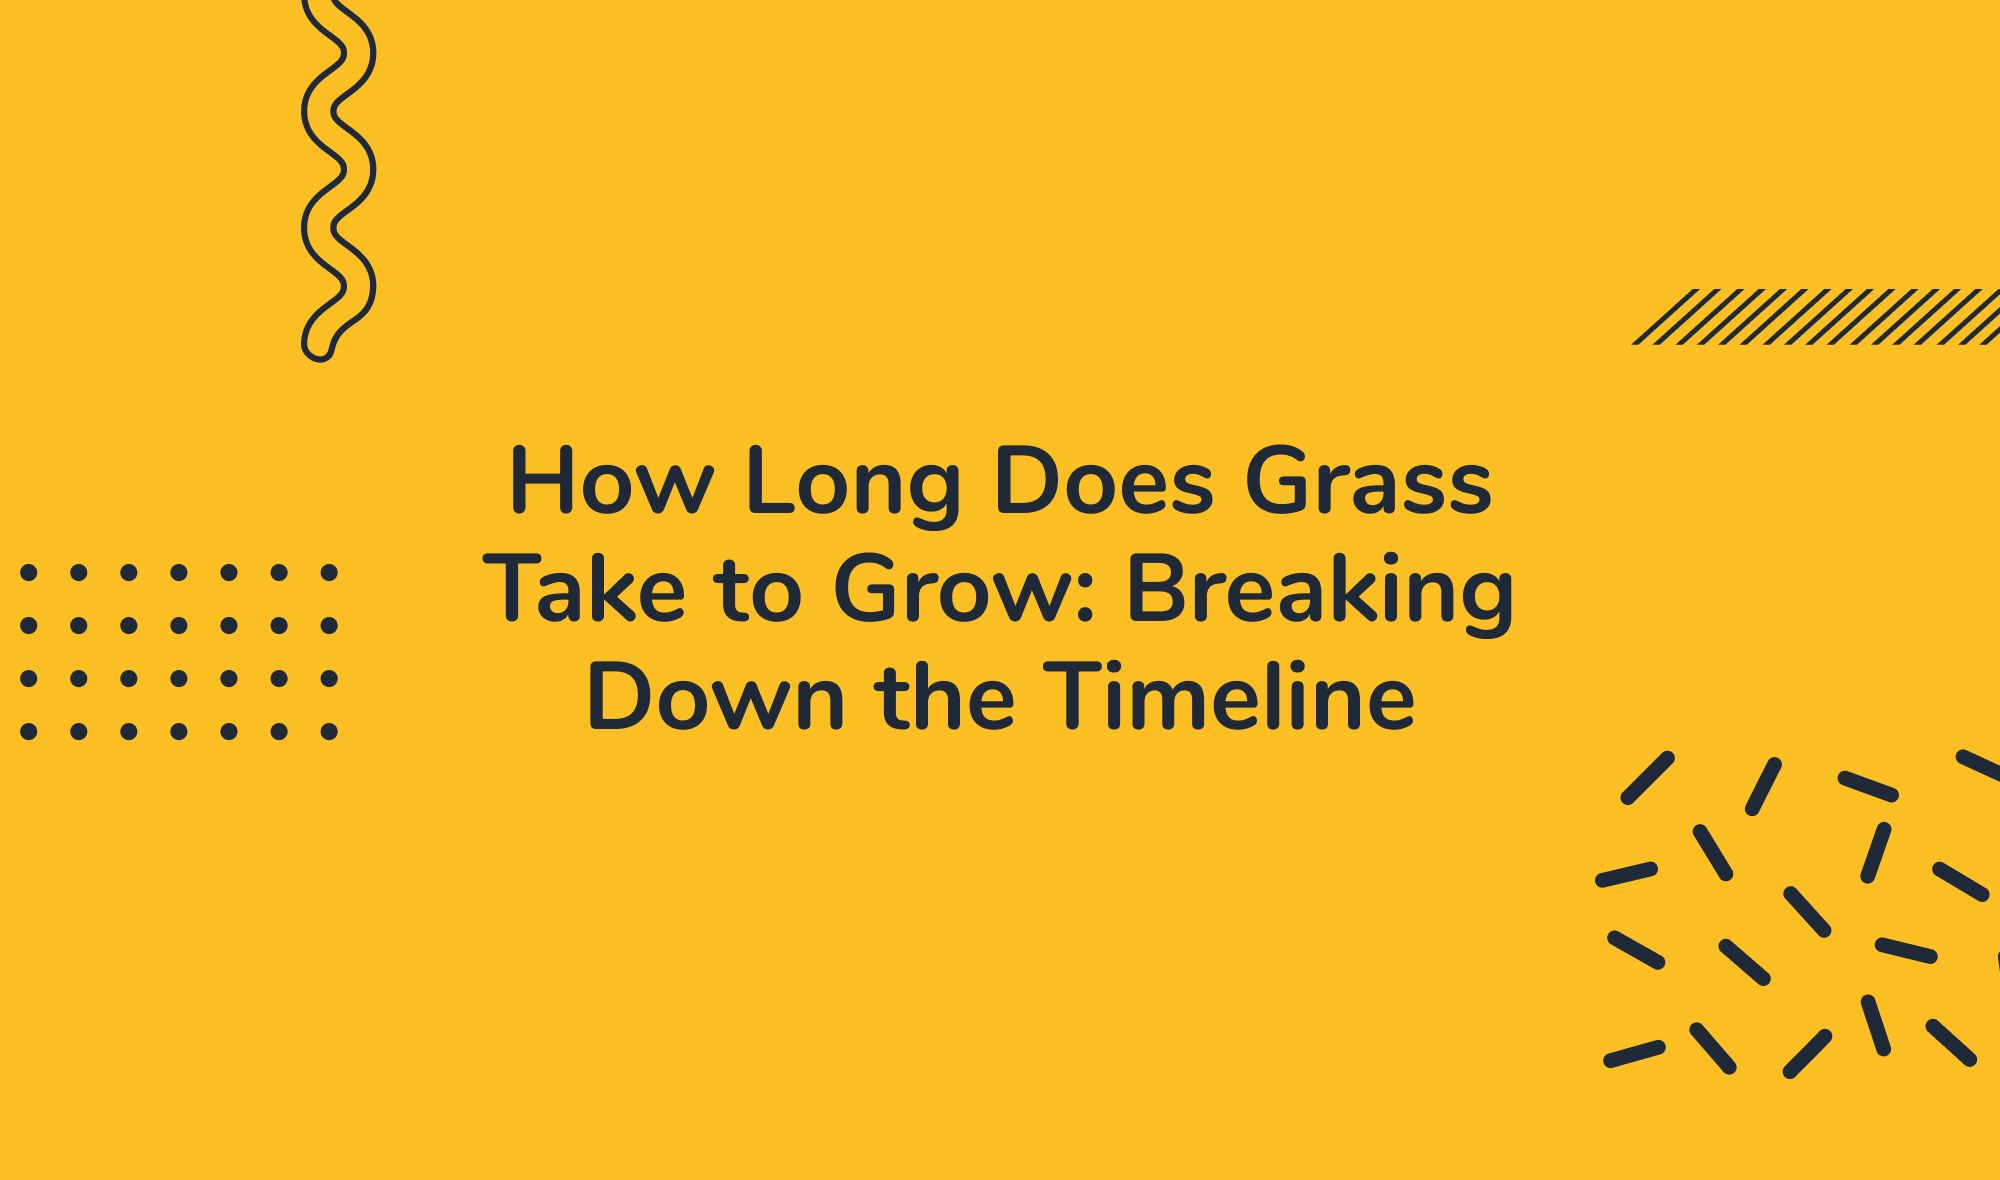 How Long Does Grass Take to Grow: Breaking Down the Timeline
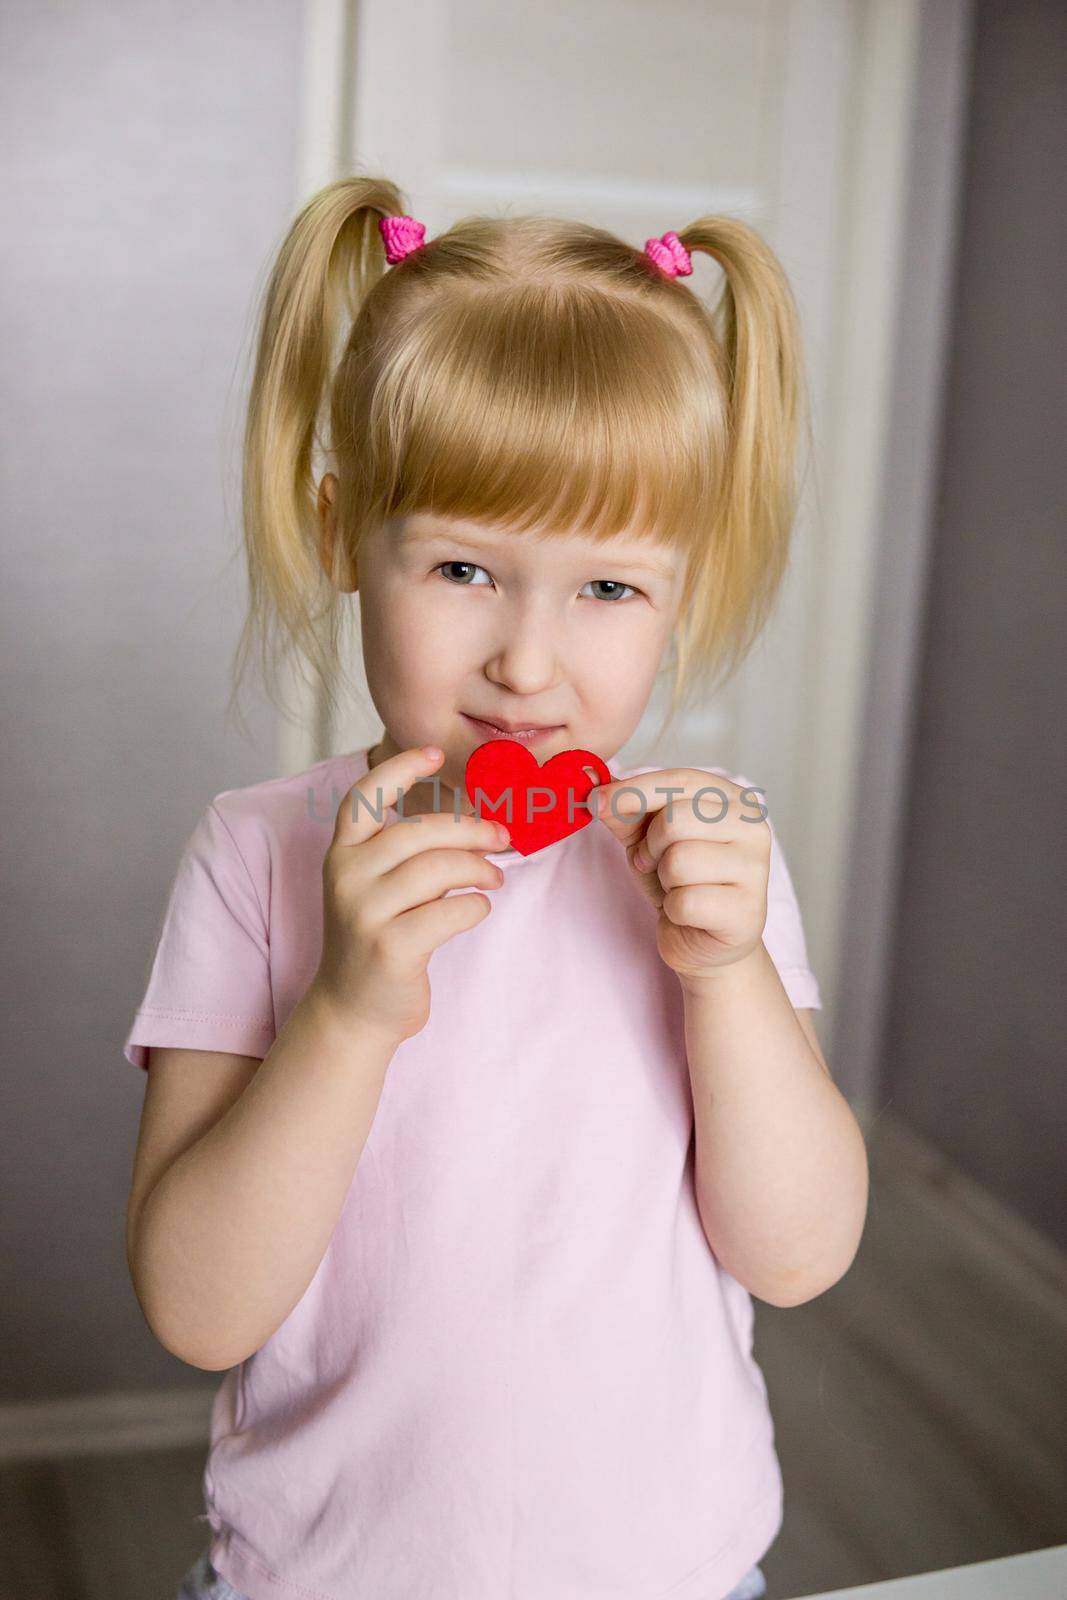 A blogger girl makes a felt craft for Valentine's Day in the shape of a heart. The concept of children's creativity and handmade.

────────────────────────────────────────

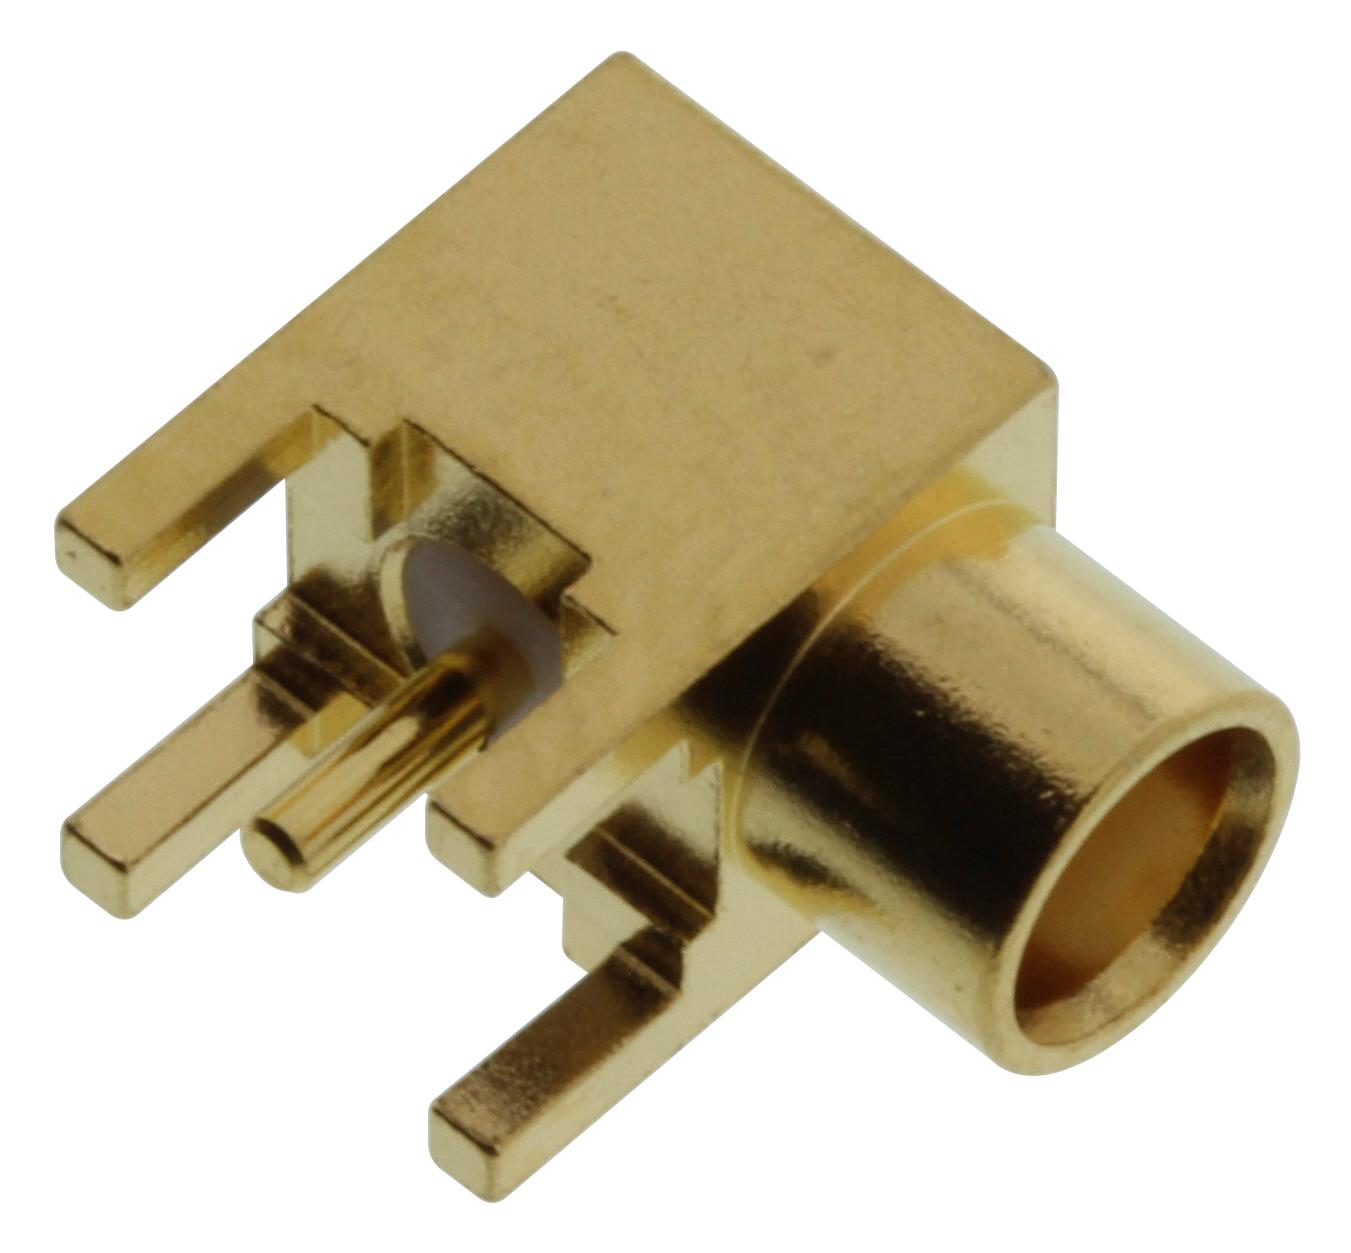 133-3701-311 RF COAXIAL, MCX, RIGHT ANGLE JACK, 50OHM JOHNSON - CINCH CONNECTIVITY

────────────────────────────────────────

Description of the task: After locating "How Long Does" and "A blogger girl" in the records above, return exactly the line holding each one and every line between them; leave out the pictures.

Solved problem:
 How Long Does Grass Take to Grow: Breaking Down the Timeline
 A blogger girl makes a felt craft for Valentine's Day in the shape of a heart. The concept of children's creativity and handmade.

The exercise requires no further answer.